Он выбрал мягкий низкий диван с овальным столом перед ним. Отсюда были видны в раскрытые высокие двери колонны зала, люстры, верхняя часть хоров с решеткой, и слышались отдаленные звуки музыки.

К ним подошла Ольга Петровна, незаметно пожав плечами на присутствие здесь Петруши.

Валентин, наливая вино, поднял голову и посмотрел на нее.

— У тебя что-то глаза блестят больше обыкновенного, — сказал он. (Когда Валентин пил, он всем близко знакомым женщинам говорил «ты».)

Ольга Петровна улыбнулась, ничего не ответив на это.

— Это хорошо или плохо? — только спросила она.

— Хорошо, — сказал Валентин, — у женщины глаза всегда должны блестеть.

Подошла баронесса Нина, потом подобрался еще кой-какой народ, как это часто бывает на балу, когда увидят несколько человек, в противоположность общему бальному шуму мирно беседующих где-нибудь в укромном уголке, и соберутся около них.

У Валентина, — когда он пил, — бывало несколько различных стадий настроения: или он бывал мрачно молчалив и тогда противоречить ему было опасно, или впадал в созерцательно-лирическое настроение. Сегодня, повидимому, он был в стадии лирического настроения.

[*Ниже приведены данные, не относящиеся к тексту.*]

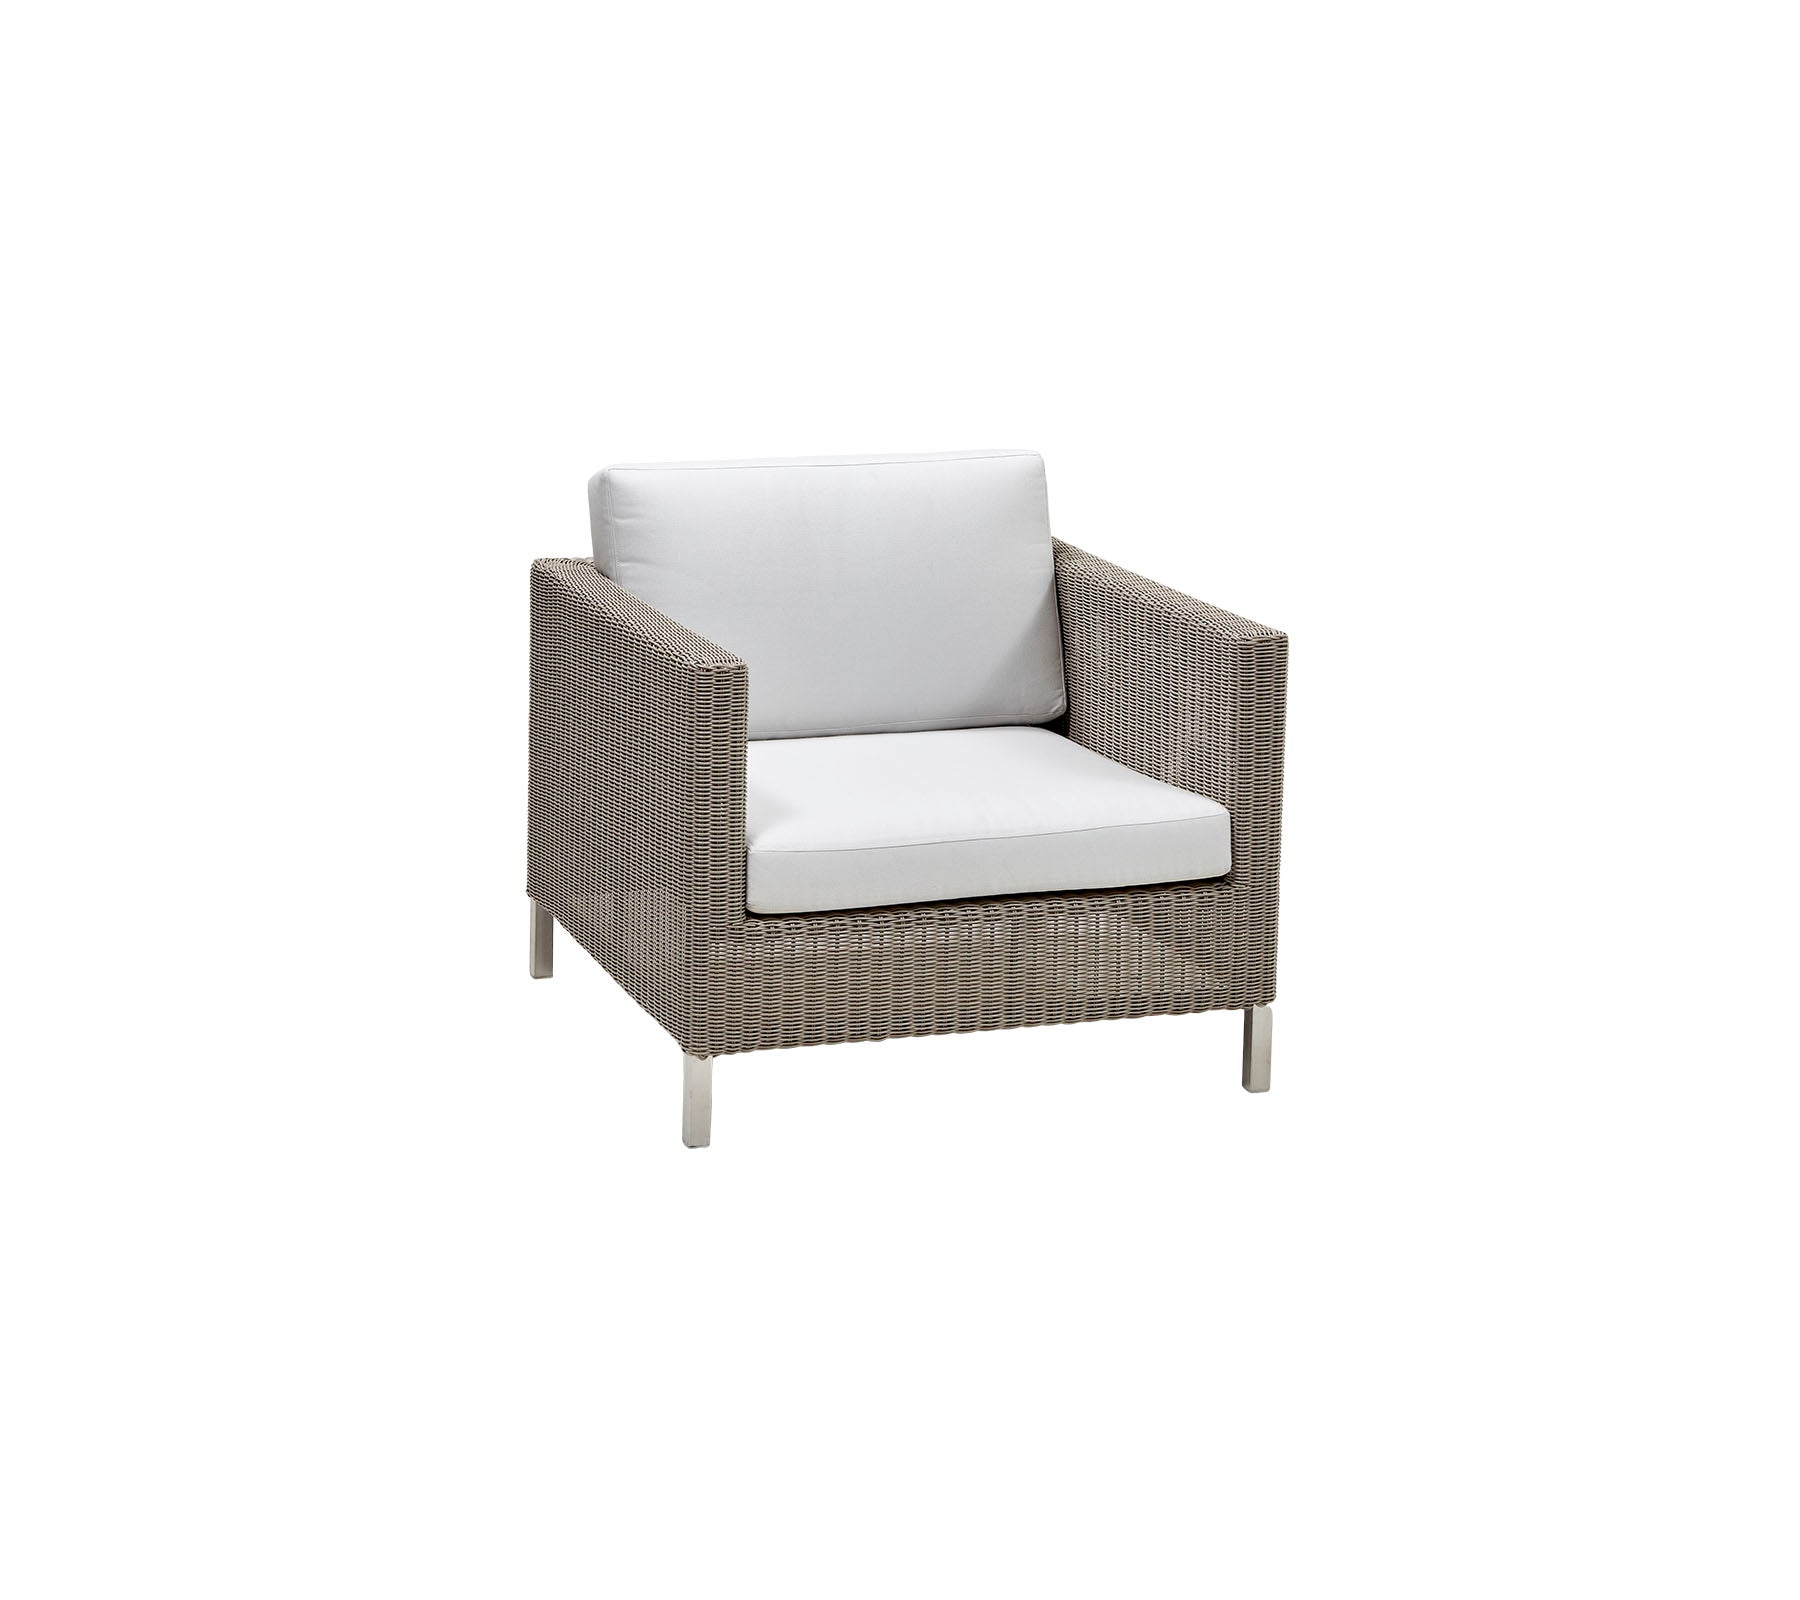 Cane-line Connect Lounge Chair 5498YS97

— Вот сейчас я сижу здесь, — говорит Валентин, держа стакан в кулаке, как бы согревая его, — смотрю на тот уголок хоров с люстрами и колоннами, и мне вспоминается Москва. Я не знаю, где я видел такой уголок, но он напоминает мне именно Москву. Хорошо бы сейчас в трактире Егорова в Охотном ряду заказать осетрину под крепким хреном, съесть раковый суп в «Праге» и выпить бутылку старого доброго шабли с дюжиной остендских устриц.

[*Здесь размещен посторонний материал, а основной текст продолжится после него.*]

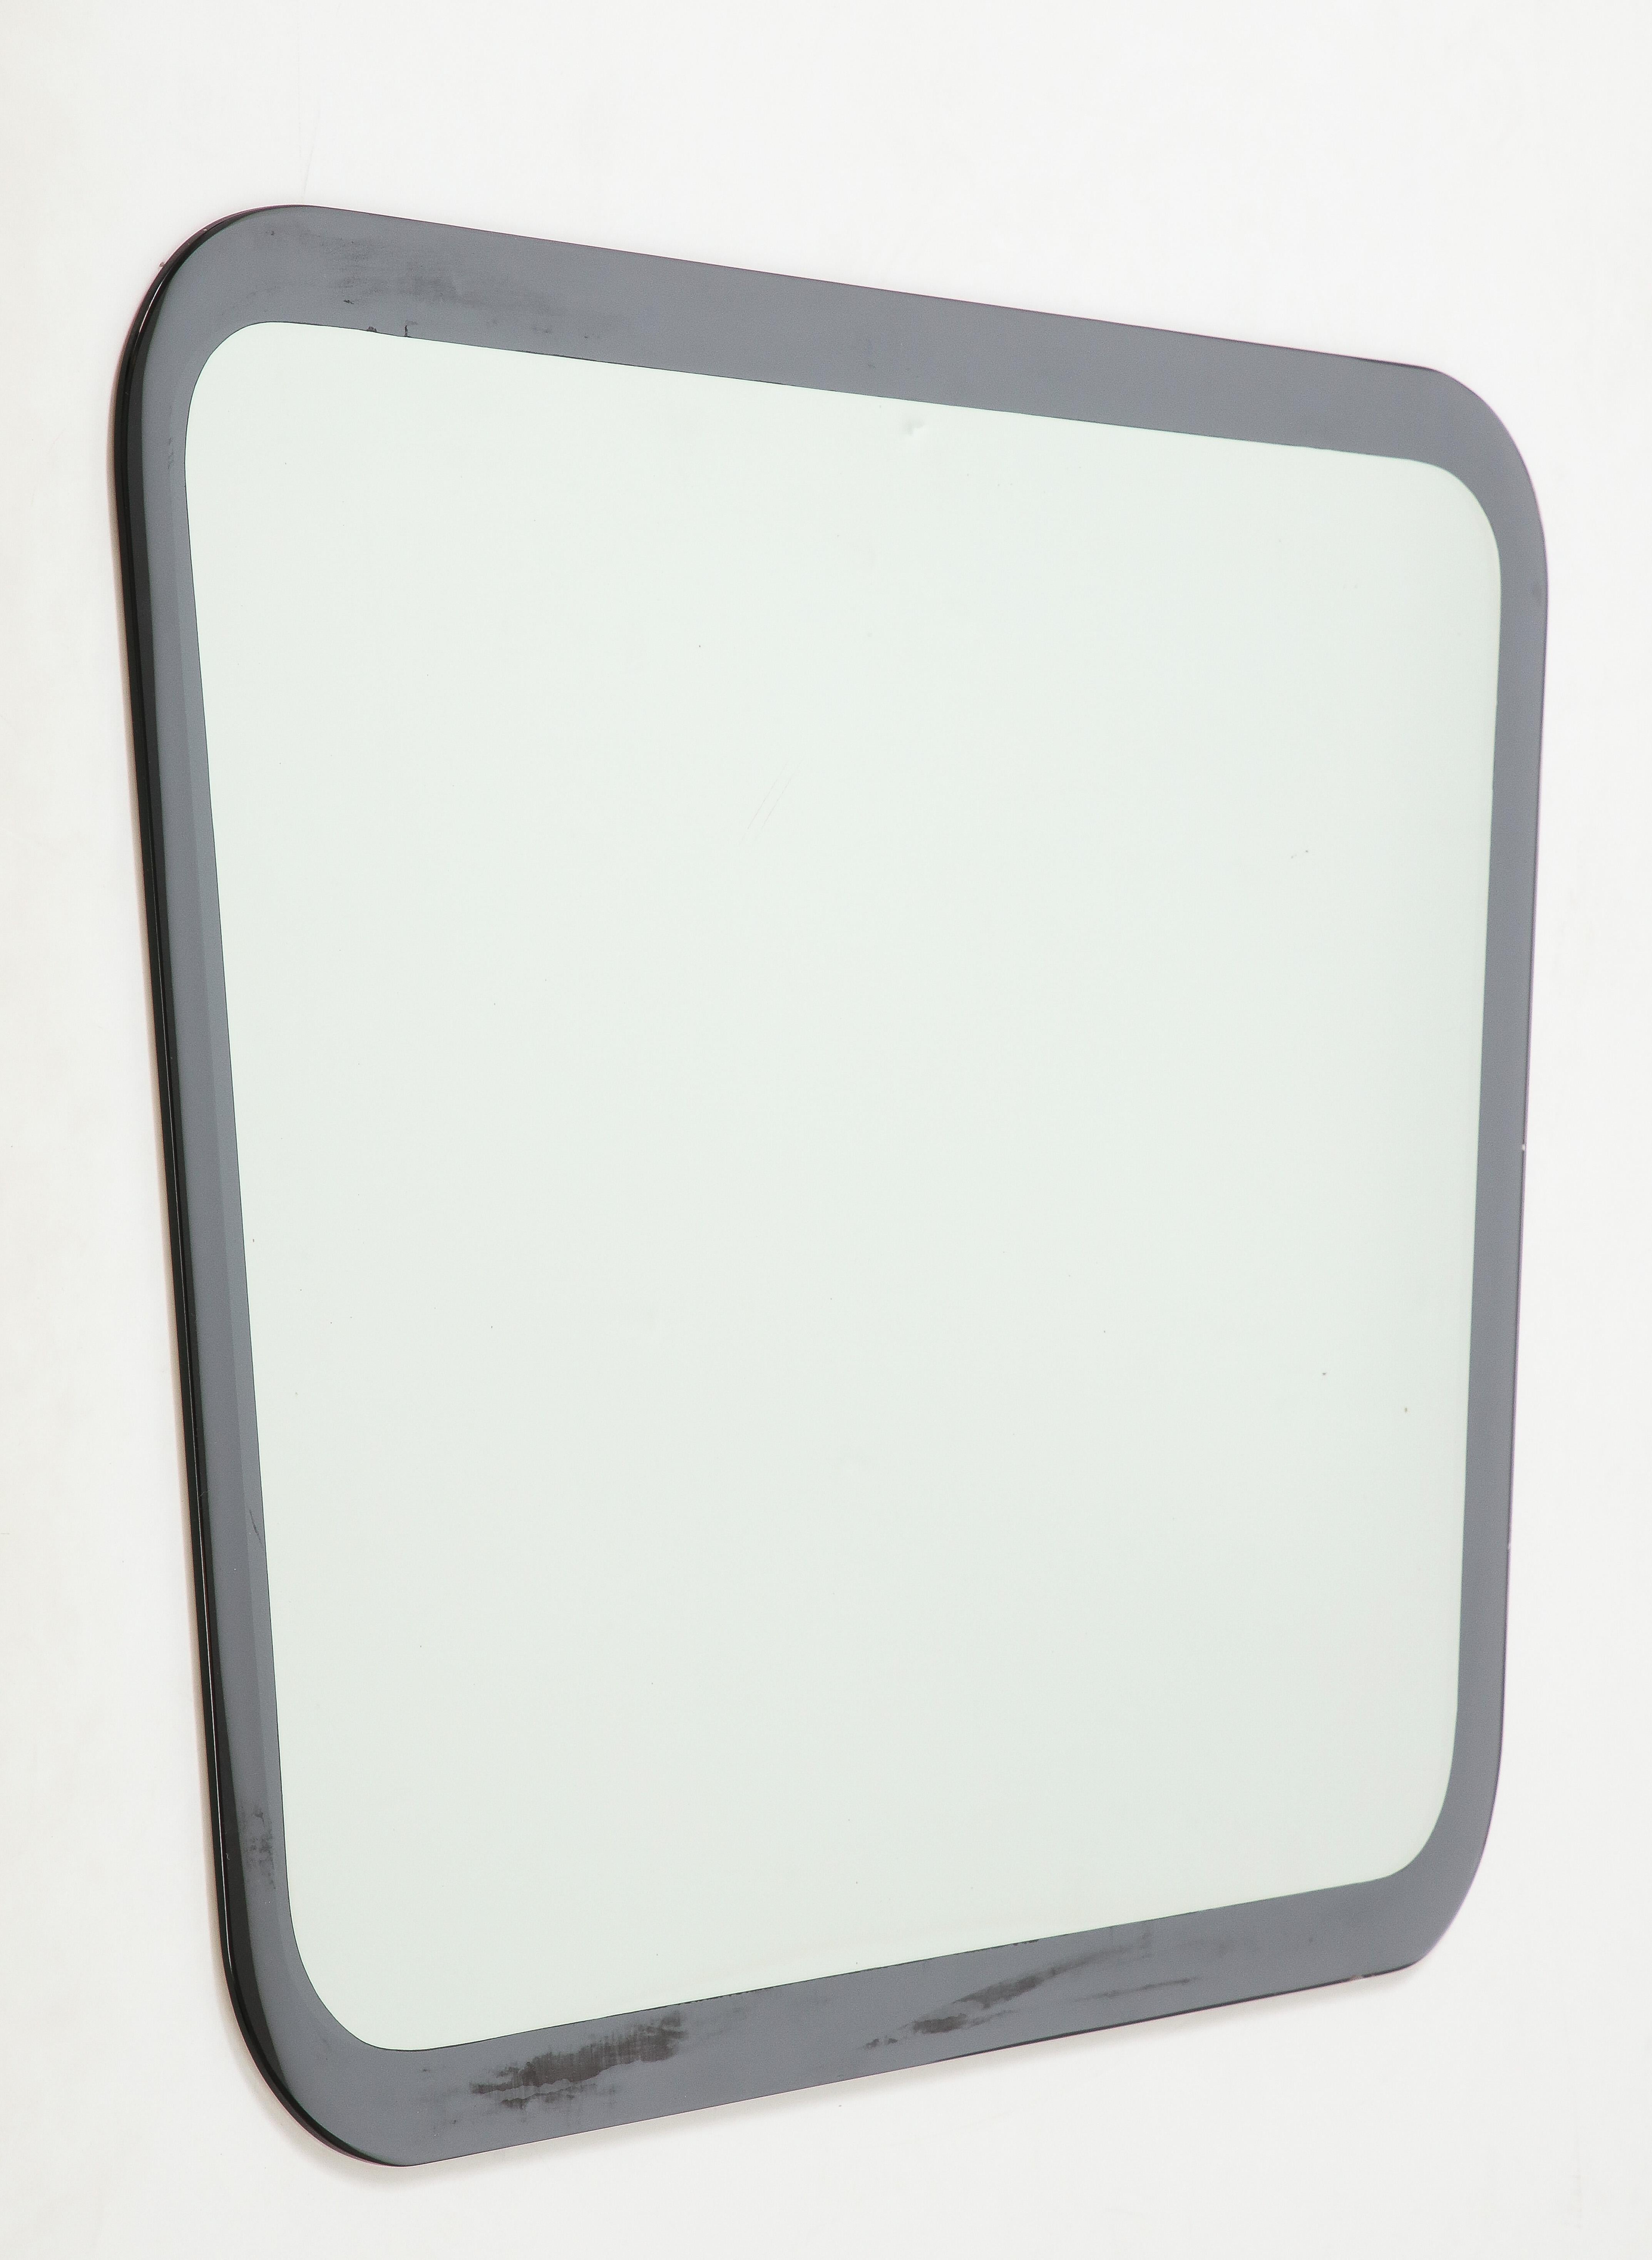 Metalvetro Siena Galvorame Wall Mirror, Italy, dated 1967  For Sale 7

— Собираетесь на Урал, Валентин, а мечтаете о Москве? — сказала Ольга Петровна, уютно привалившись к спинке дивана близко от Валентина.

— Я люблю две вещи, — сказал Валентин, — Москву и Урал.

— А женщин, Валентин?

— Женщины входят туда и сюда. В Москве одни, на Урале — другие.

Баронесса Нина сидела рядом с Ольгой Петровной и, кутаясь в белый мех, с некоторым страхом наивными детскими глазами смотрела на Валентина, как бы боясь, что он скажет что-нибудь ужасное.

— Да, на Урале совсем другие, — прибавил, помолчав, Валентин. — Когда-то я любил душистых женщин в парижском белье с длинными, длинными чулками… может быть, потому, что я по рождению своему и воспитанию принадлежу к той среде, где носят только парижское белье и имеют тонкие духи. Но теперь я хотел бы совсем другого: грубого и простого. Простого в своей первобытности. Что может быть лучше: соблазнить молодую, пугливую как лань скитницу из уральских лесов и пожить с ней недели две.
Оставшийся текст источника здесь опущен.